Finishing up the year in the Bible, I heard this passage:
Then I saw thrones, and seated on them were those to whom the authority to judge was committed. Also I saw the souls of those who had been beheaded for the testimony of Jesus and for the word of God, and those who had not worshiped the beast or its image and had not received its mark on their foreheads or their hands. They came to life and reigned with Christ for a thousand years. The rest of the dead did not come to life until the thousand years were ended. This is the first resurrection. Blessed and holy is the one who shares in the first resurrection! Over such the second death has no power, but they will be priests of God and of Christ, and they will reign with him for a thousand years.—Revelation 20:4-6 (ESV)
Surprisingly, this seems to be the only use of "resurrection" in that book. It sounds like there will be one resurrection at the start of the thousand years (of those who had been beheaded and remained faithful) and that everyone else will be resurrected at the end of the thousand years.
On the other hand, the immediate referent of the phrase is "The rest of the dead did not come to life until the thousand years were ended." That would imply that, while the martyrs did come to life and reign with Christ, that event was not properly a "resurrection".

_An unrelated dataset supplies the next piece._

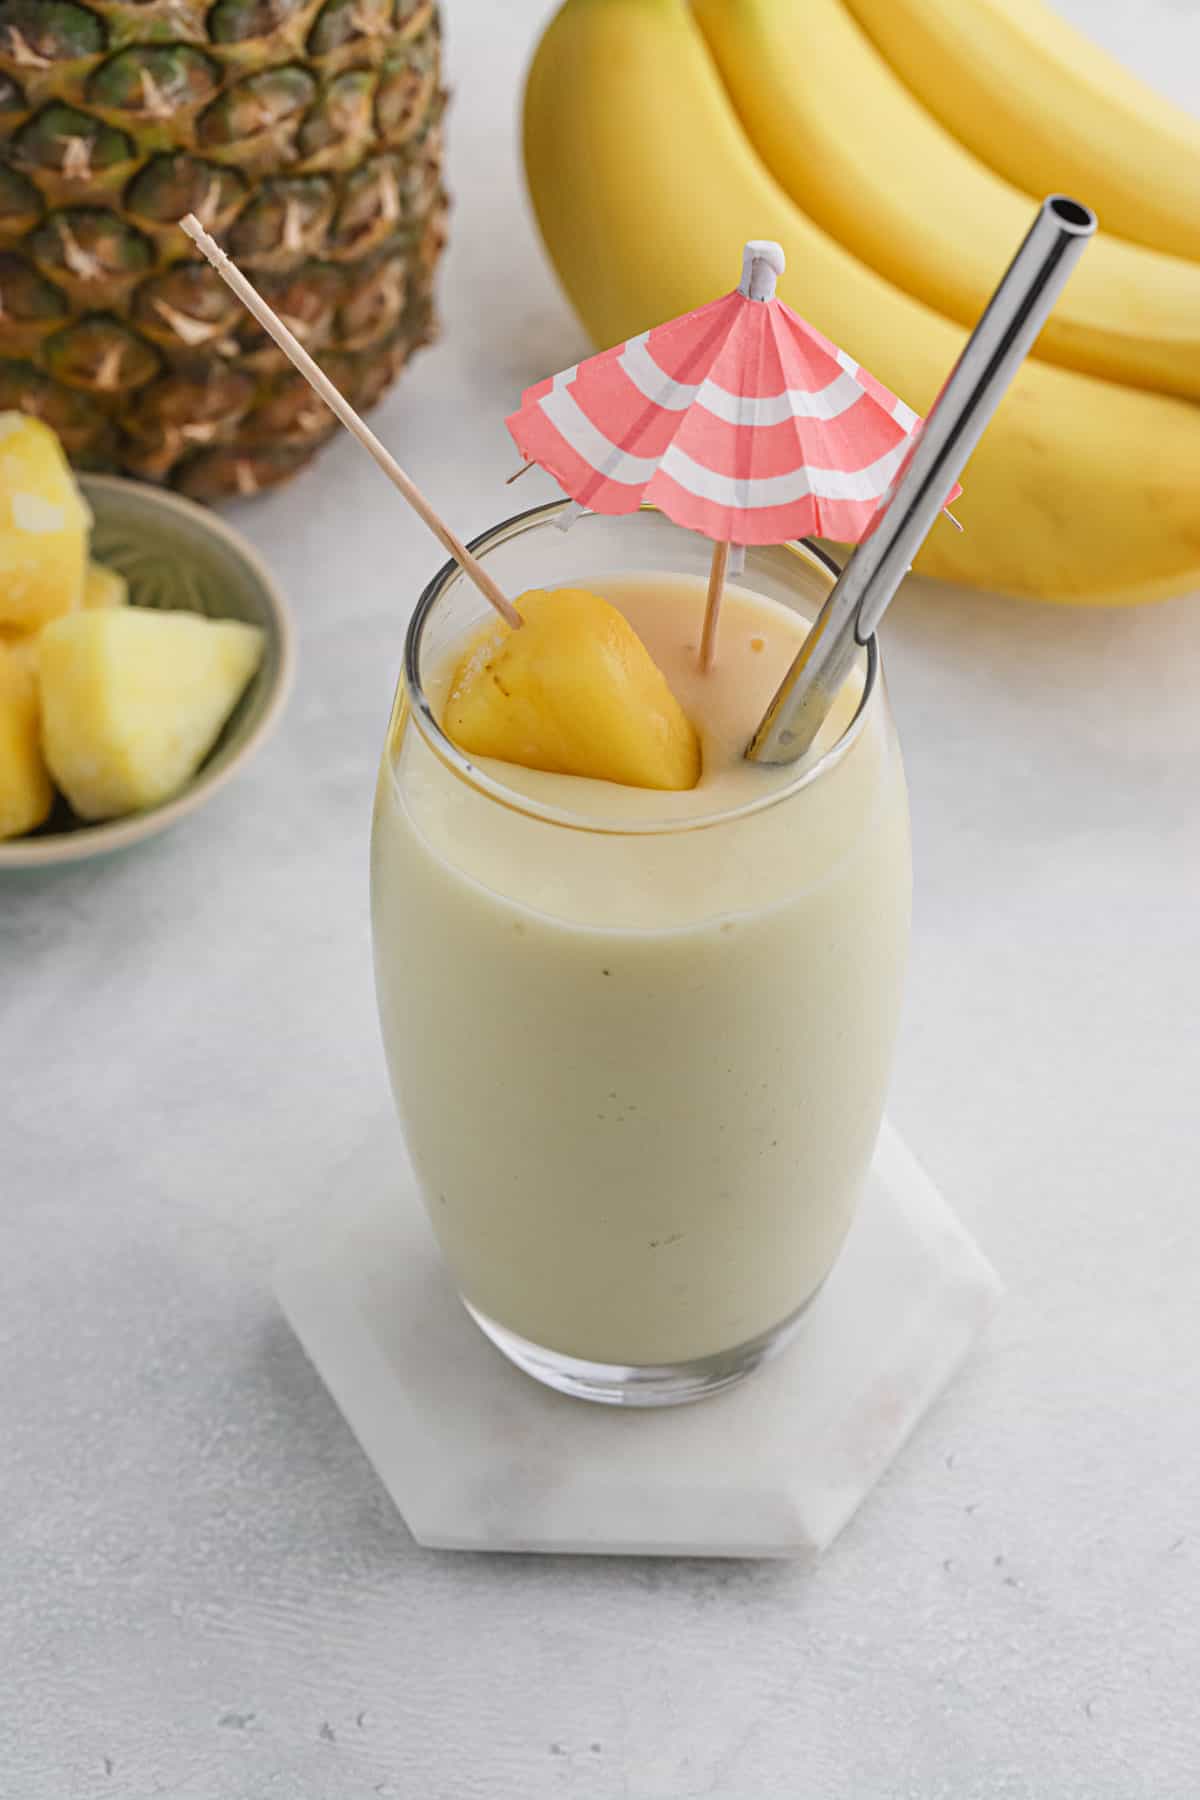 A pina colada smoothie on the table with a lemon wedge and drink umbrella for garnish.

Can we know from the text (and not from any particular doctrine of eschatology) whether there are multiple resurrection events or if there is a distinction between coming [back] to life and a proper resurrection?
To clarify: the Jewish conception of resurrection at the time was that God would bring people back to life once and for all to reward them so they could enjoy life forever. (Most likely, the wicked would be returned to life in order to face justice, but the sources are less clear about them.) The event was to occur just once in all of history in the same way that creation only happened once. The rare cases of people being raised from the dead weren't considered resurrections since there was no judgement and the people would die once again.
Paul also speaks as if there will be just one resurrection:
Behold! I tell you a mystery. We shall not all sleep, but we shall all be changed, in a moment, in the twinkling of an eye, at the last trumpet. For the trumpet will sound, and the dead will be raised imperishable, and we shall be changed.—1st Corinthians 15:51-52 (ESV)
So one way we can interpret the Revelation passage above is to see what happened to the martyrs at the beginning of the thousand years as a simple revival from the dead. The pattern would be the Shunanite child revived by Elisha (as Monica Cellio suggests) or Lazarus.
But the literal reading of the passage is that the martyrs are a sort of first wave of the resurrection. Hence the possible contradiction and the question.